• ACTIVITY:
Everything in the listing must be repeated exactly, apart from the images.

____

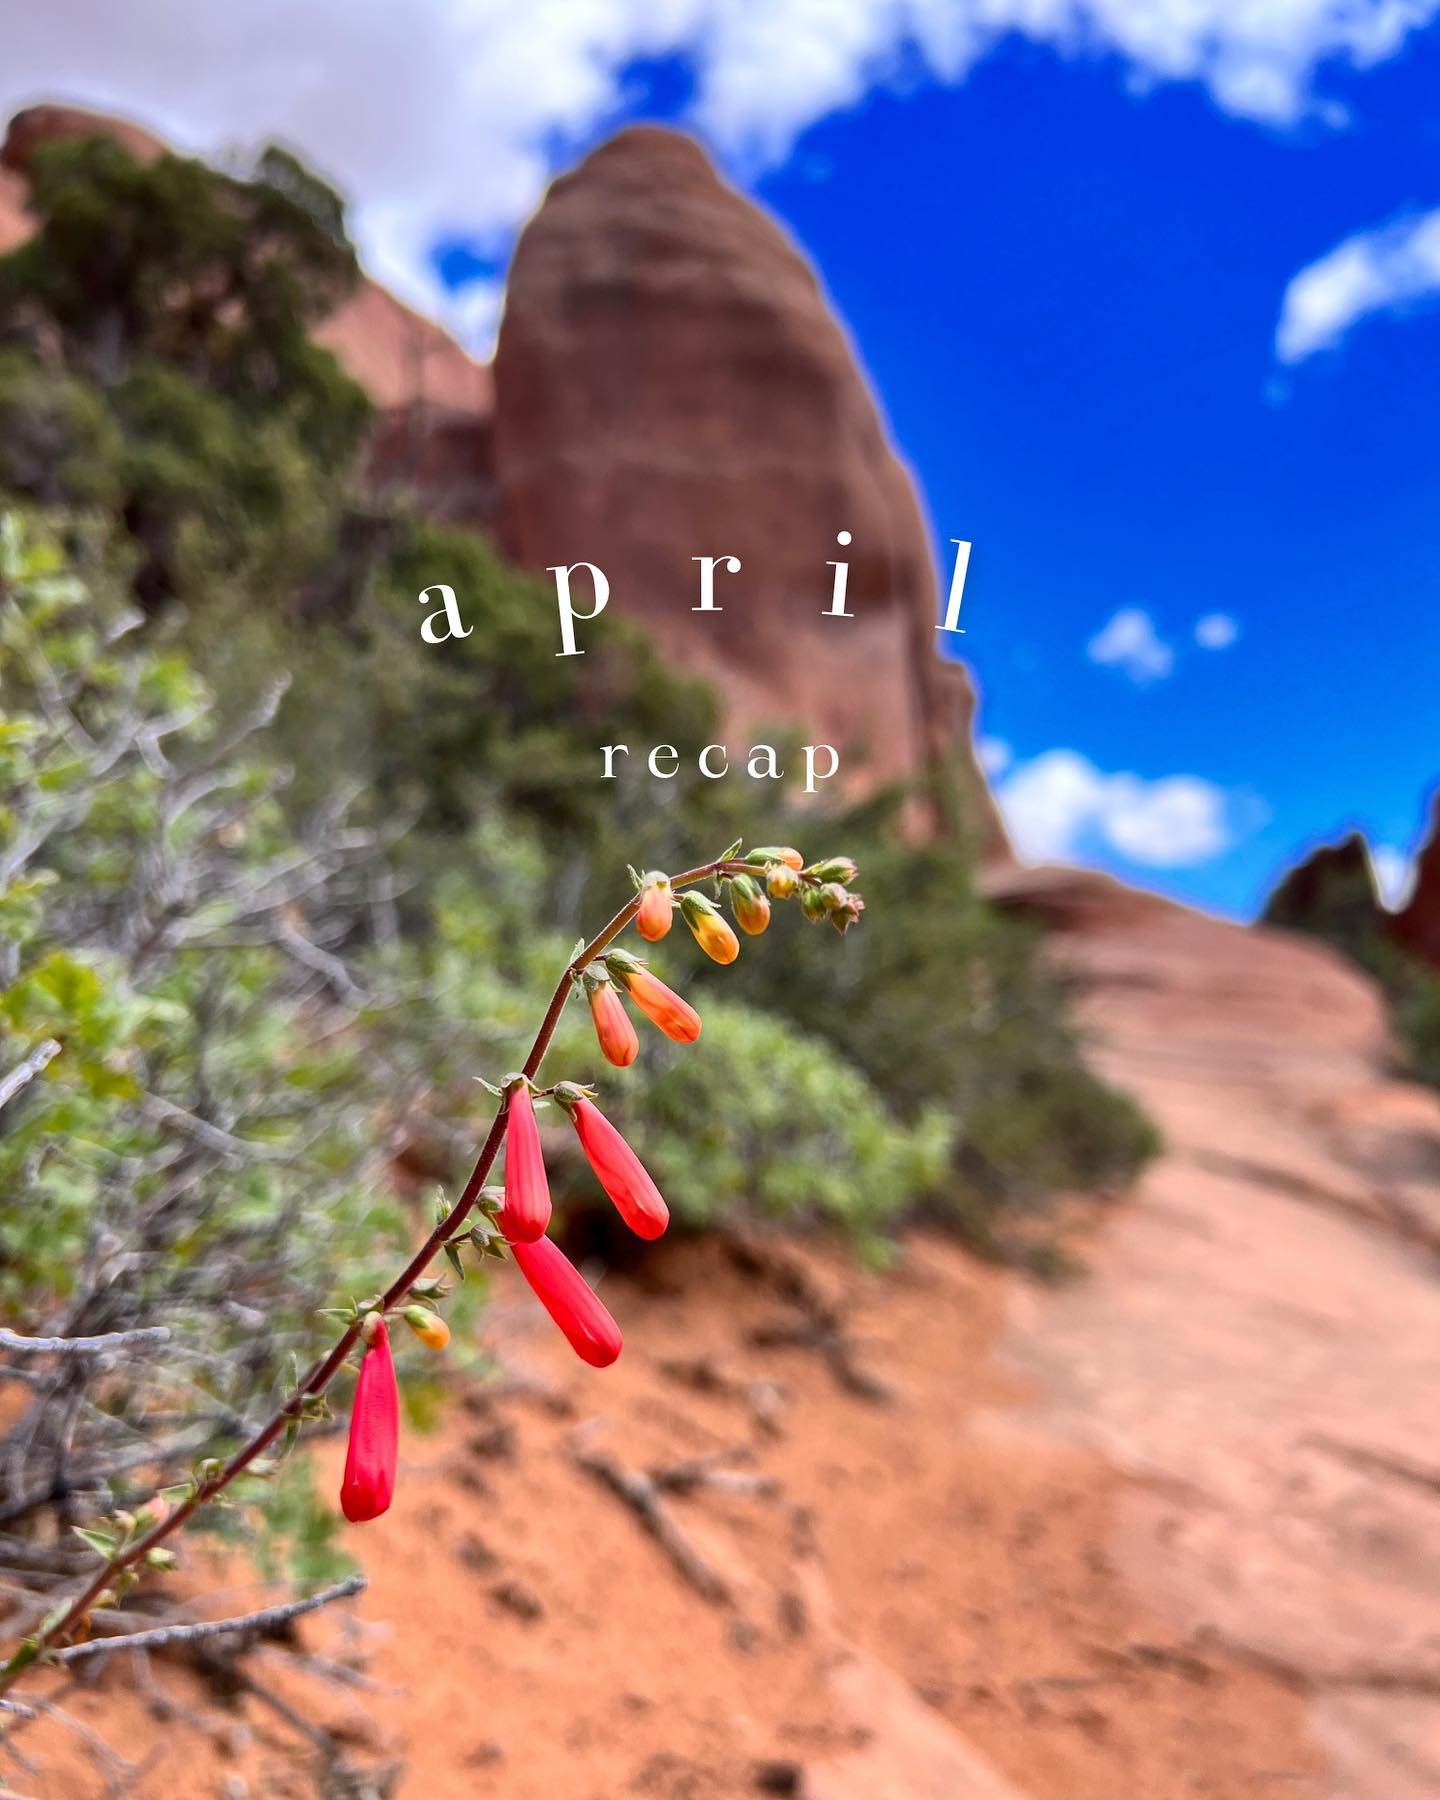 my APRIL RECAP 🌧️ 

Every month I reflect on what I&rsquo;ve done, where I&rsquo;ve been, what my goals are for next month, and enjoy posting the pictures that haven&rsquo;t seen the feed yet!

Hikes:
Malans Peak
Flag Rock
Industrial Arch
Frary Peak
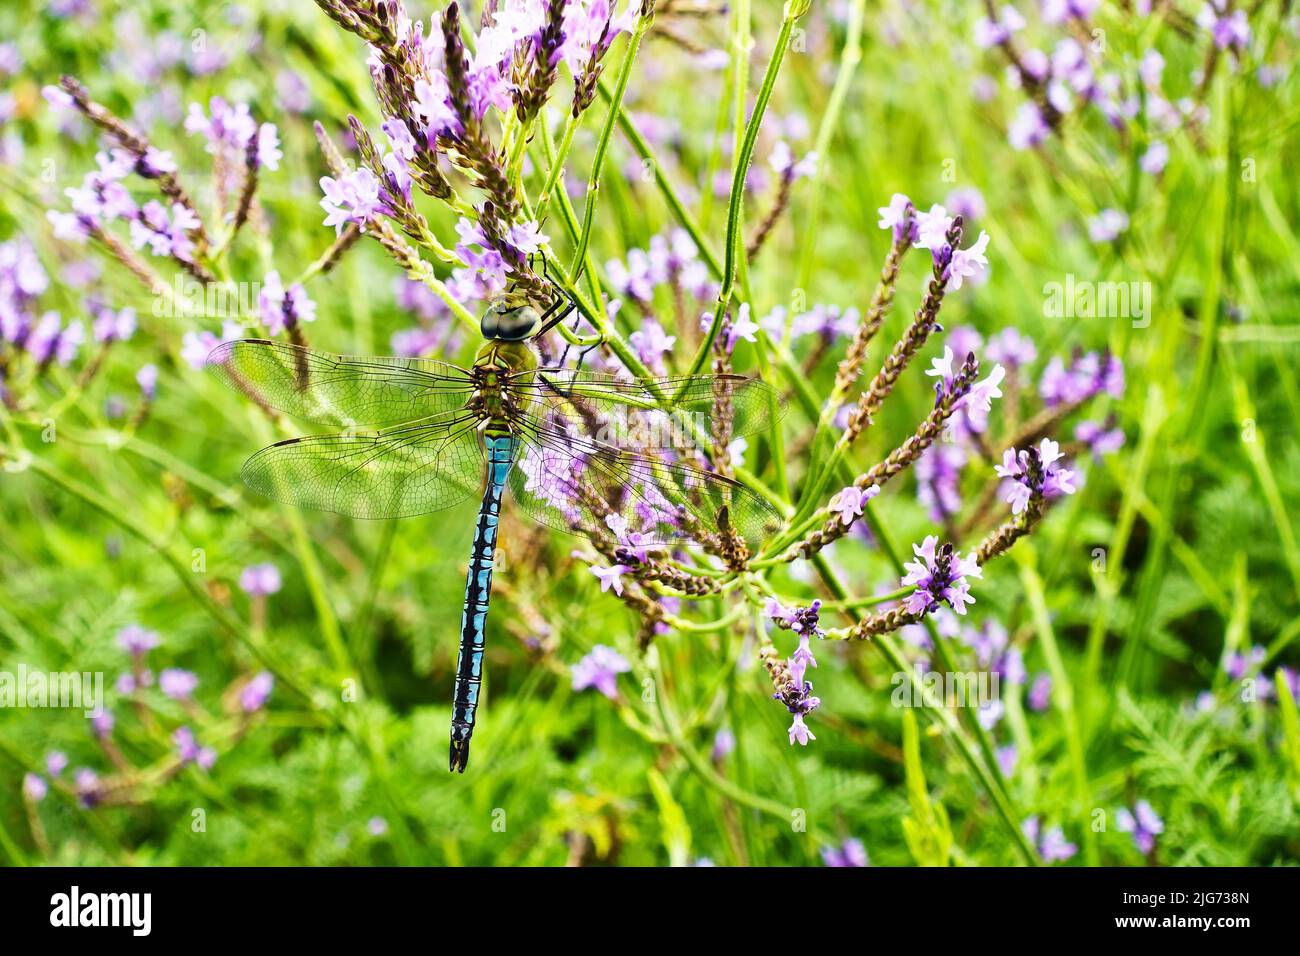 Green and turquoise dragonfly resting on Lavandula canariensis or canarian lavender flowers, Tenerife, Canary Islands, Spain. Stock Photo
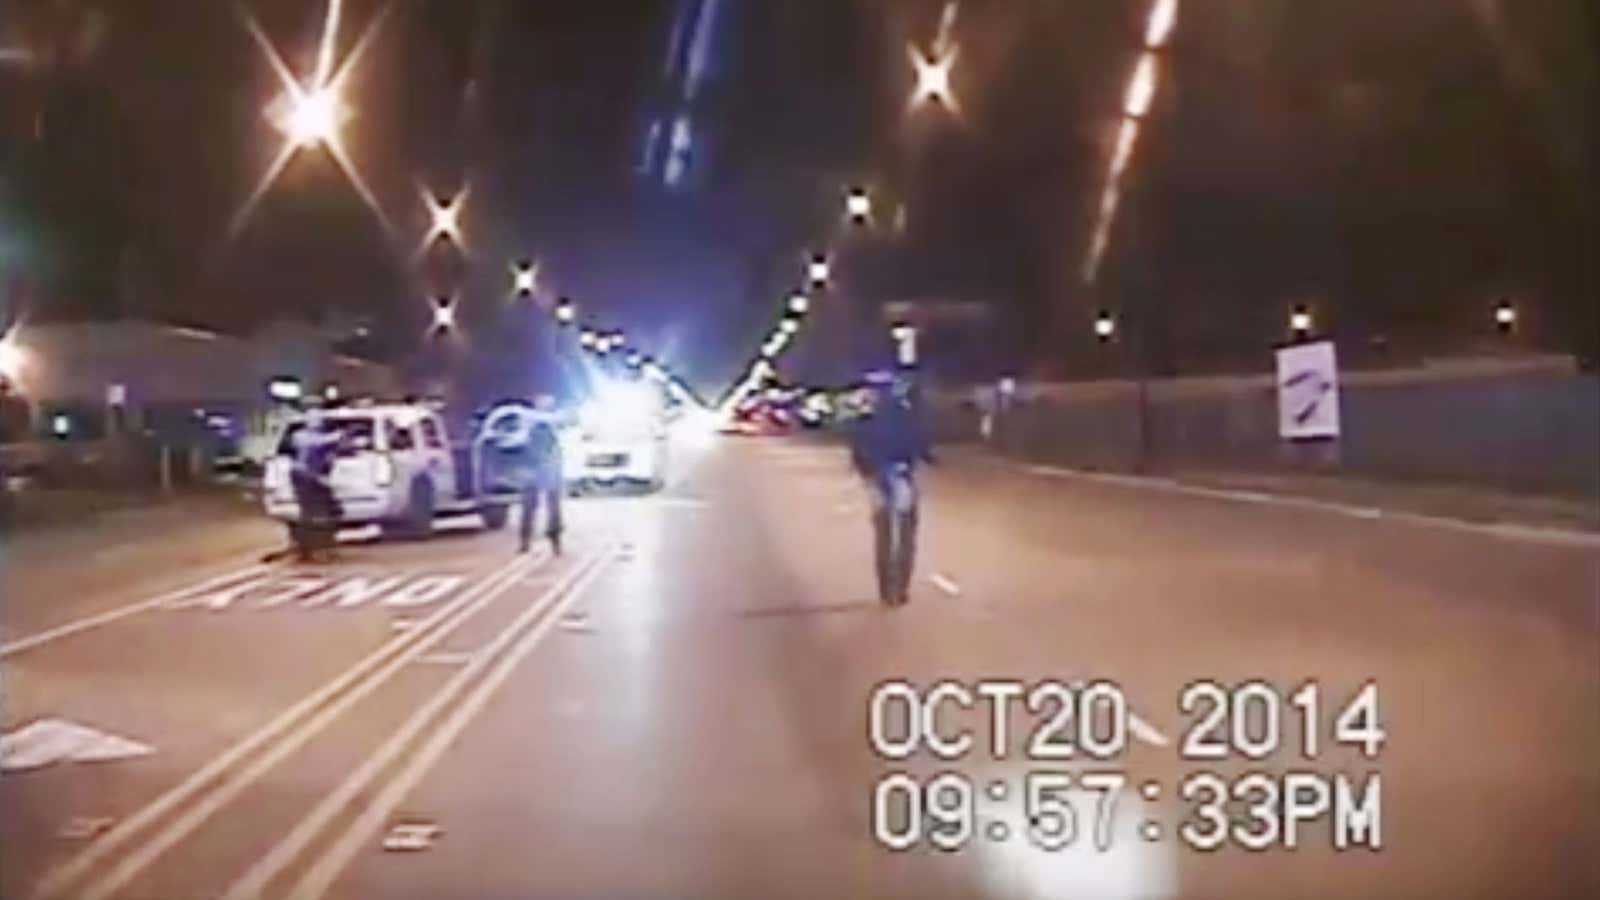 A police officer shot Laquan McDonald 16 times on Oct. 20, 2014.
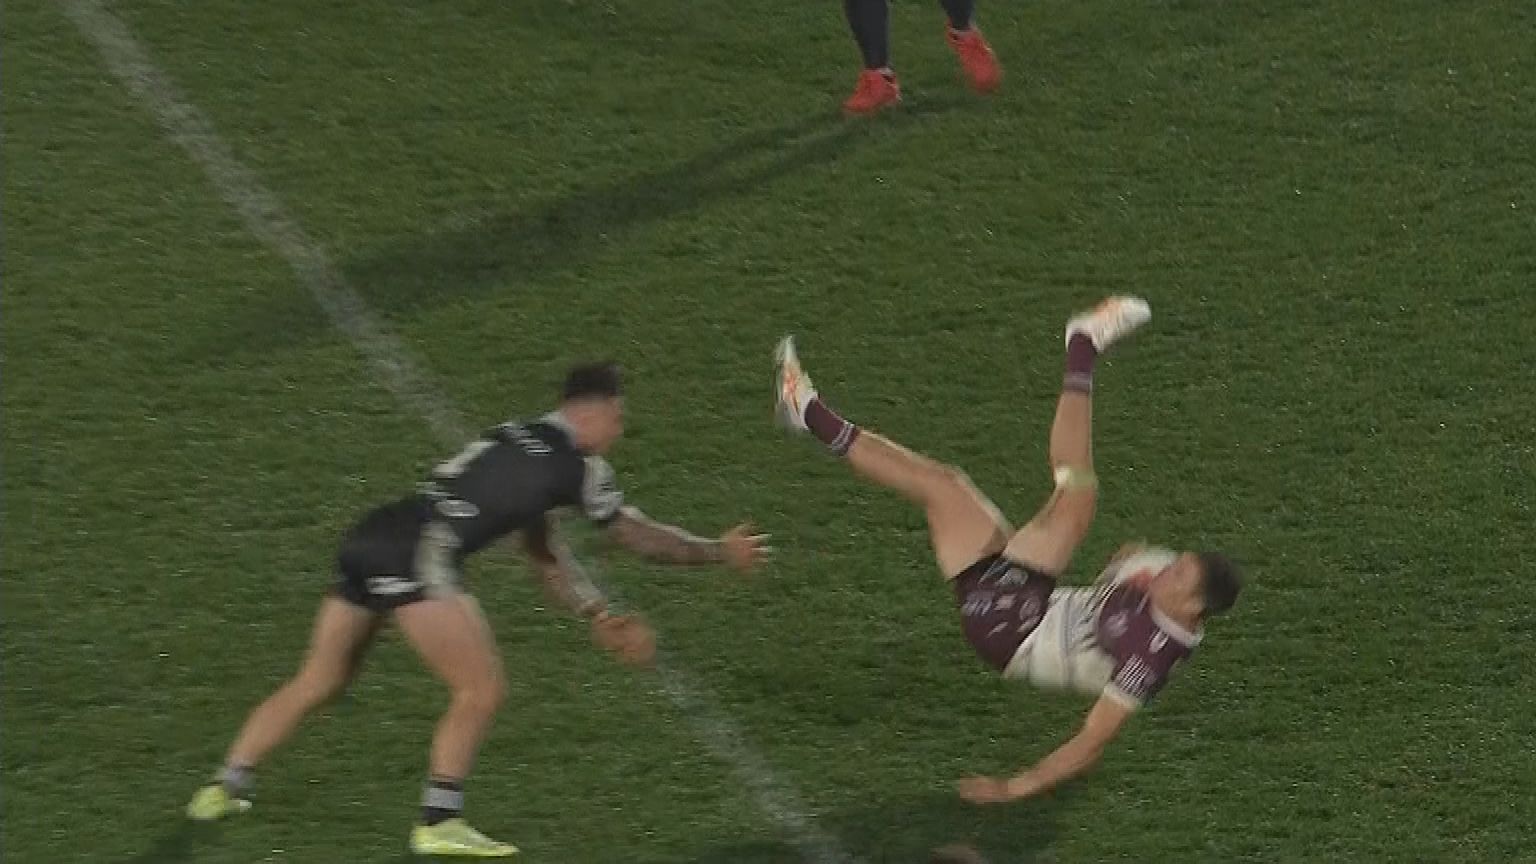 'Cruel' end to Manly Sea Eagles' season after 'pretentious rule﻿' costs them near victory over Warriors
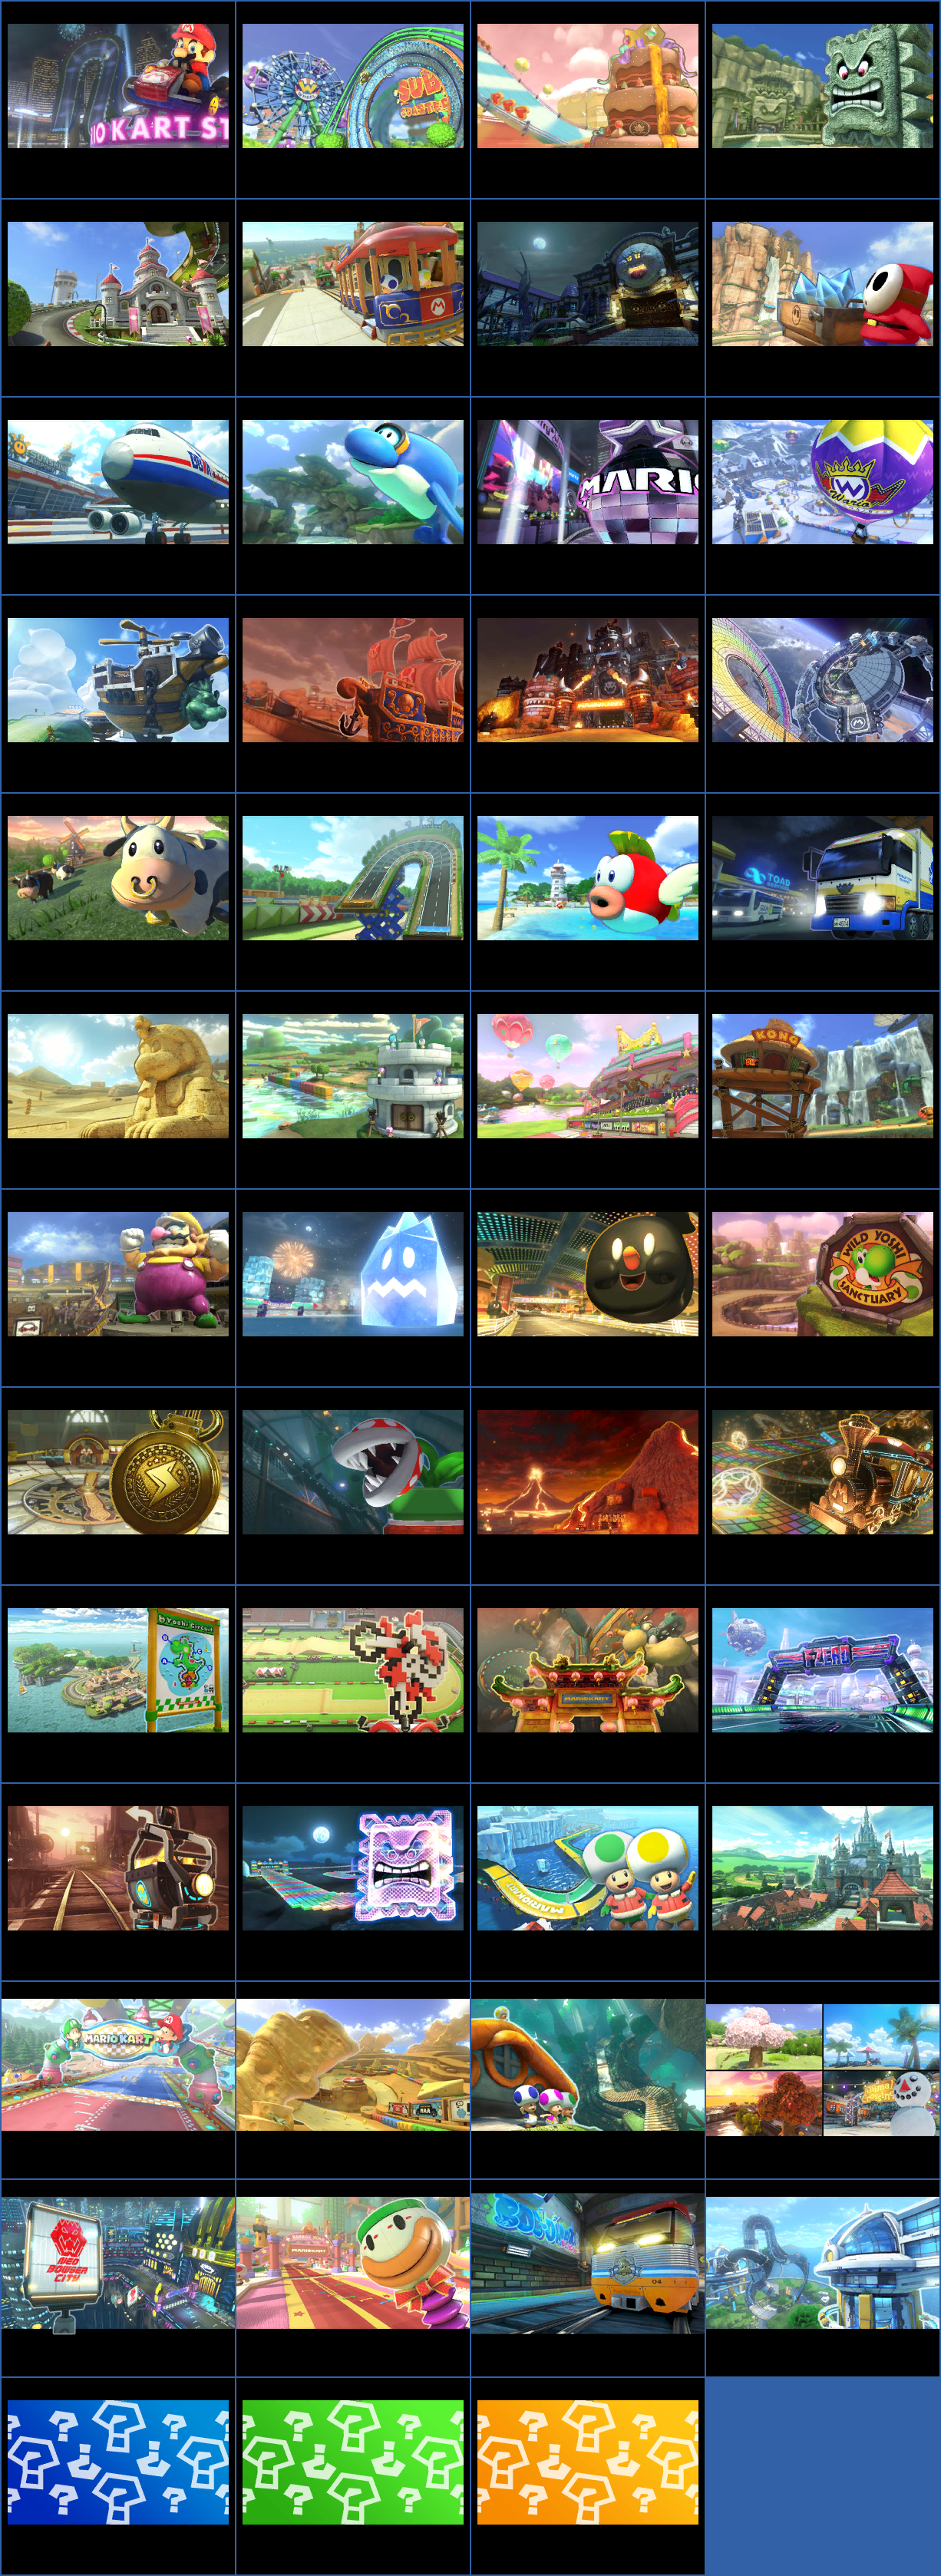 Wii U Mario Kart 8 Course Previews The Spriters Resource 5688

____

• ANSWER TO THIS PROBLEM:
 my APRIL RECAP 🌧️ 

Every month I reflect on what I&rsquo;ve done, where I&rsquo;ve been, what my goals are for next month, and enjoy posting the pictures that haven&rsquo;t seen the feed yet!

Hikes:
Malans Peak
Flag Rock
Industrial Arch
Frary Peak
 Green and turquoise dragonfly resting on Lavandula canariensis or canarian lavender flowers, Tenerife, Canary Islands, Spain. Stock Photo
 A police officer shot Laquan McDonald 16 times on Oct. 20, 2014.
 'Cruel' end to Manly Sea Eagles' season after 'pretentious rule﻿' costs them near victory over Warriors
 Wii U Mario Kart 8 Course Previews The Spriters Resource 5688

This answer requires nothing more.